# Fudpucker’s Summer Slam Tournament Sept.12&13th



## catdad100 (Nov 17, 2009)

Chester Kroeger
Fudpucker’s Beachside Bar & Grill – Okaloosa Island
850-654-1544
[email protected]
Fudpucker’s is gearing up for its second annual Fudpucker’s Summer Slam Tournament.
Kickoff for the tournament begins with the Captain’s meeting at 6 p.m. Friday, Sept 11th at Fudpucker’s on the Bay with fishing days set for Saturday and Sunday.
Entry is free and is open to all anglers, whether fishing from land, pier, or boat, with a $5000 guaranteed payout for the largest king mackerel. In addition to the $5,000 grand prize, there will also be payouts for the largest Mahi Mahi and Tuna. A Silent Auction and Raffle will be held to benefit the Choctawhatchee Basin Alliance and the Matthew Baxter Recovery Fund. Additional funds for these charities will be raised through optional cash awards, known as calcuttas.
“This is the only free tournament offering a $5000 prize and community interest has been amazing. We expect to have a fantastic turnout for this event.” said tournament organizer Chester Kroeger of Fudpucker’s.
“Last year we raised over $3000 to benefit the Choctawhatchee Basin Alliance. It is especially rewarding to be able to assist an organization that works diligently to improve our bay and we look forward to increasing our donation this year. We are also very pleased to partner with our sponsors – Half Hitch Tackle and Fudpucker’s Watersports in an effort to raise money for one of our local fishermen who is recovering from a traumatic injury. Matthew is a captain for Destin Inshore Charters which operates out of the marina behind Fudpucker’s on the Bay – this hits pretty close to home”.
Fishing can start anytime after the Captain’s Meeting with weigh-ins at Fudpucker’s on the Bay Saturday and Sunday afternoons between 4 p.m. and 6 p.m. Fish can be brought to the scales by boat or by car.
Following the weigh-ins on Sunday, a fish fry and awards banquet featuring a silent auction and raffle will be held at Fudpucker’s on the Bay.
“This is a fantastic family event and a great way to give back to the local fishing community.” said Chester Kroeger of Fudpucker’s. “We look forward to seeing everyone there.”
About Fudpucker’s on the Bay – Fudpucker’s Beachside Bar & Grill is famous for offering great food, fun and live alligators.

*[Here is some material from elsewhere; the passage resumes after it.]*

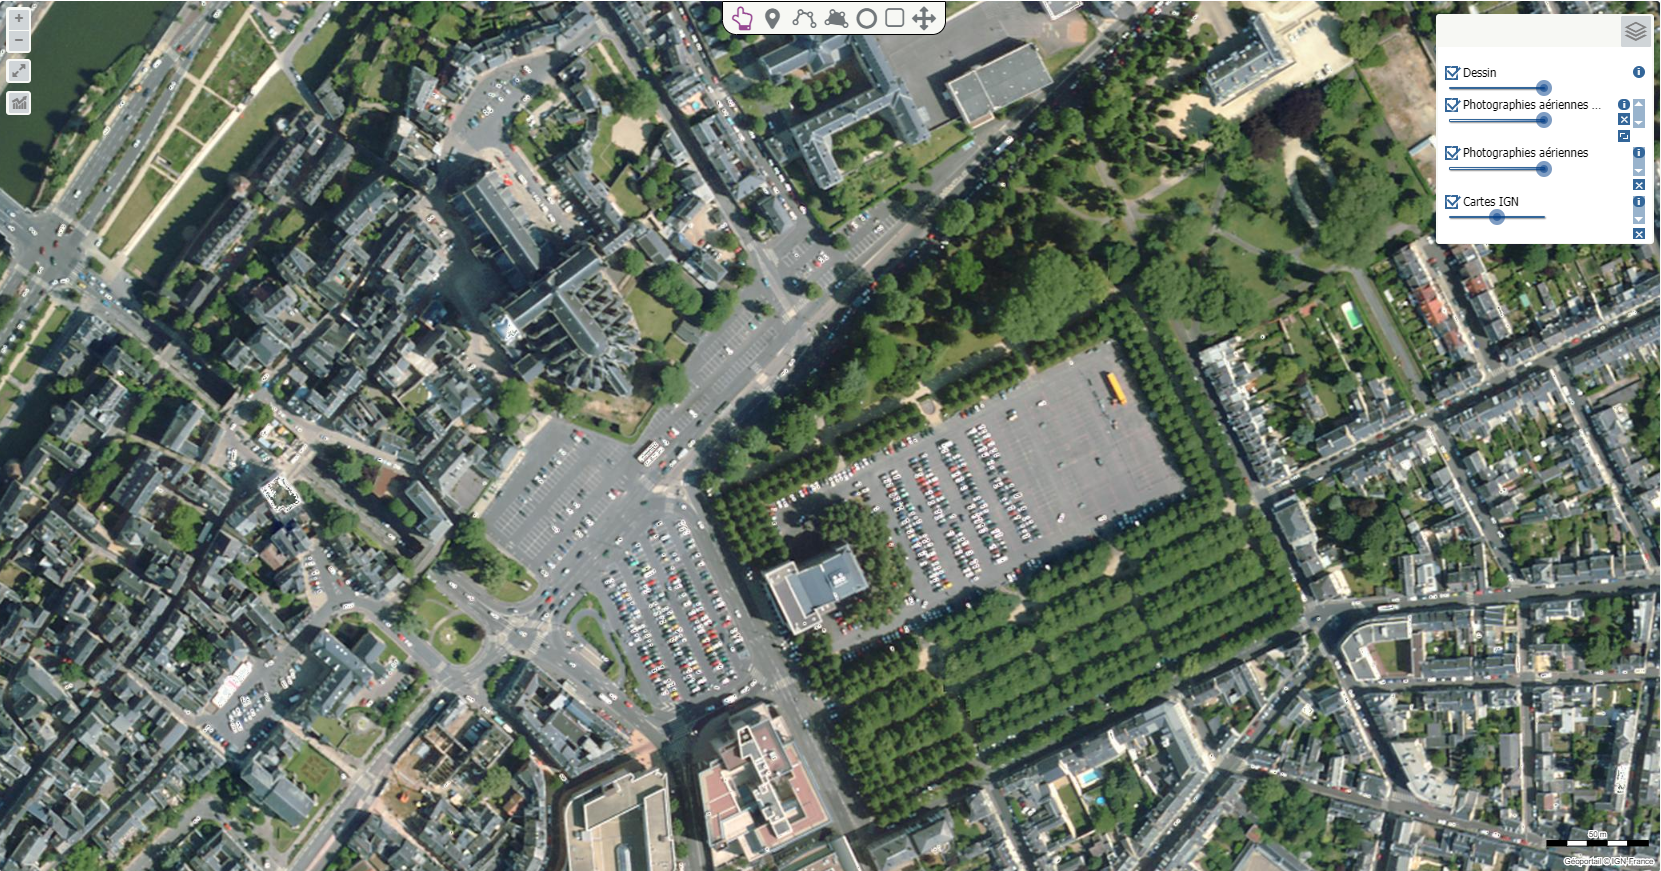 Photographie aérienne du centre du Mans
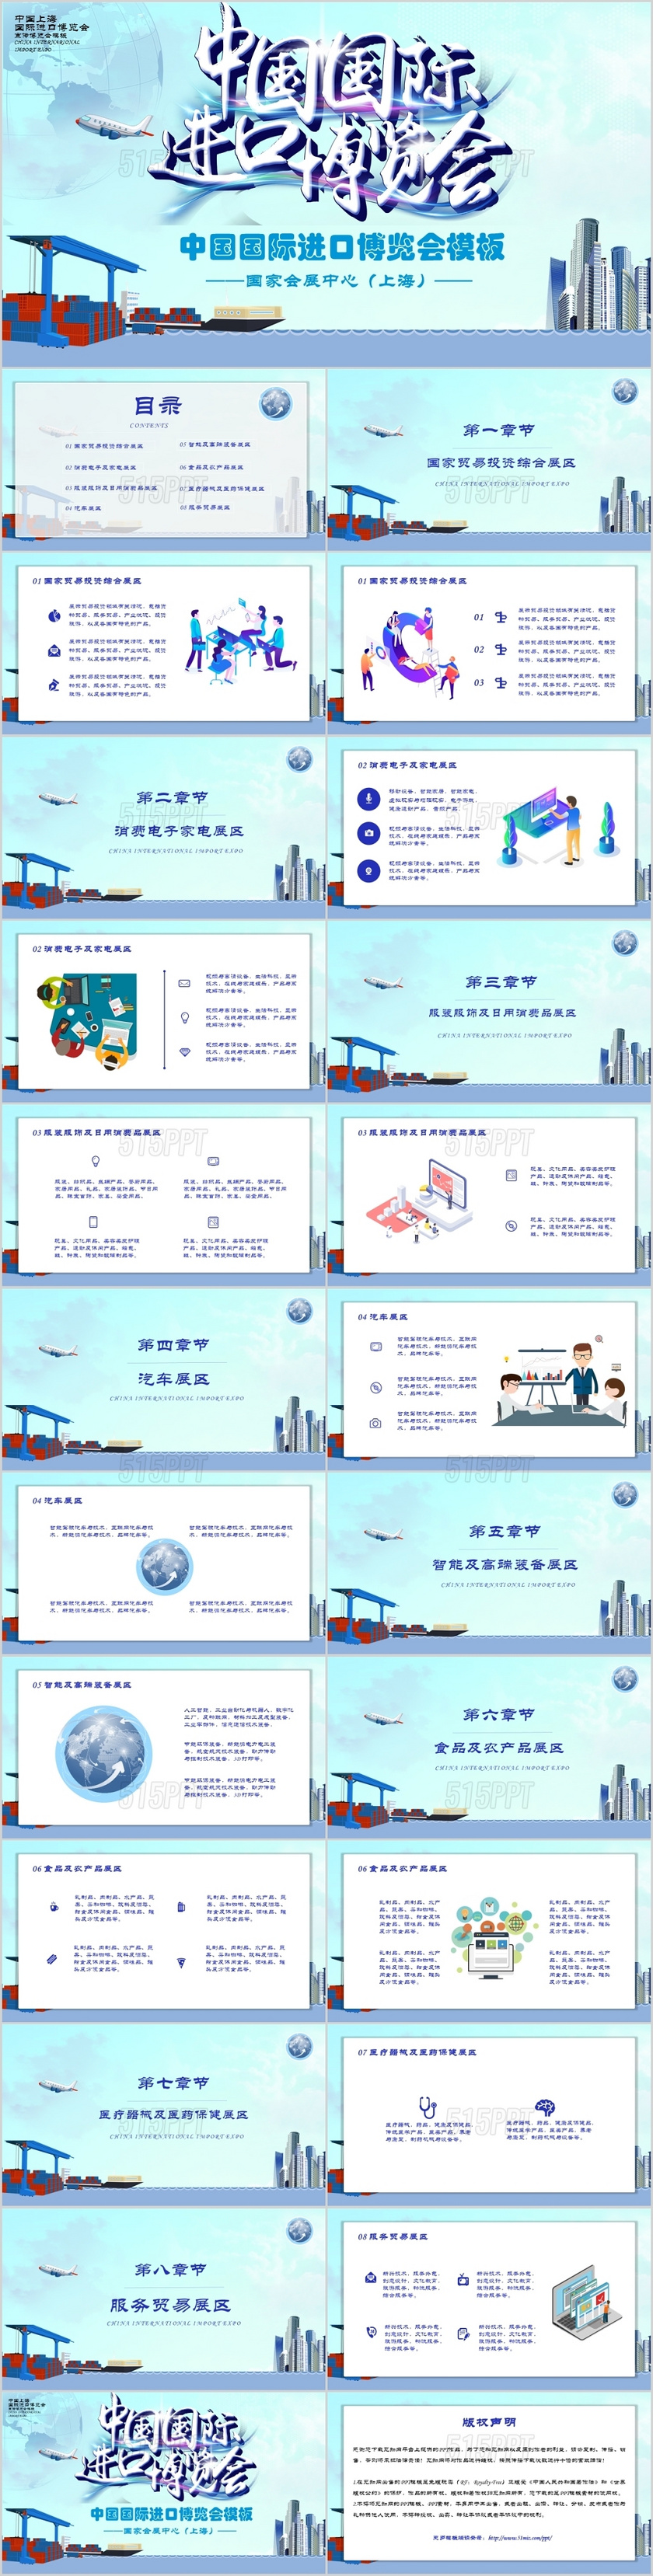 淡蓝色卡通中国国际进口博览会PPT模板

The Okaloosa Island location is located on Choctawhatchee Bay across from the Ramada Plaza and offers an amazing array of water activities from jet skis and pontoon boat rentals to catamaran and fishing charters and the area’s only airboat rides.
*Fudpucker’s Summer Slam*


----------



## BananaTom (Feb 16, 2008)

I read this whole thing, and there isn't an address for this venue.


----------



## catdad100 (Nov 17, 2009)

*Okaloosa Island*

Its just past the convention center right off hwy98

*Fudpucker’s On The Island*
1318 Miracle Strip Parkway
Fort Walton Beach, FL 32548
850.243.3833


----------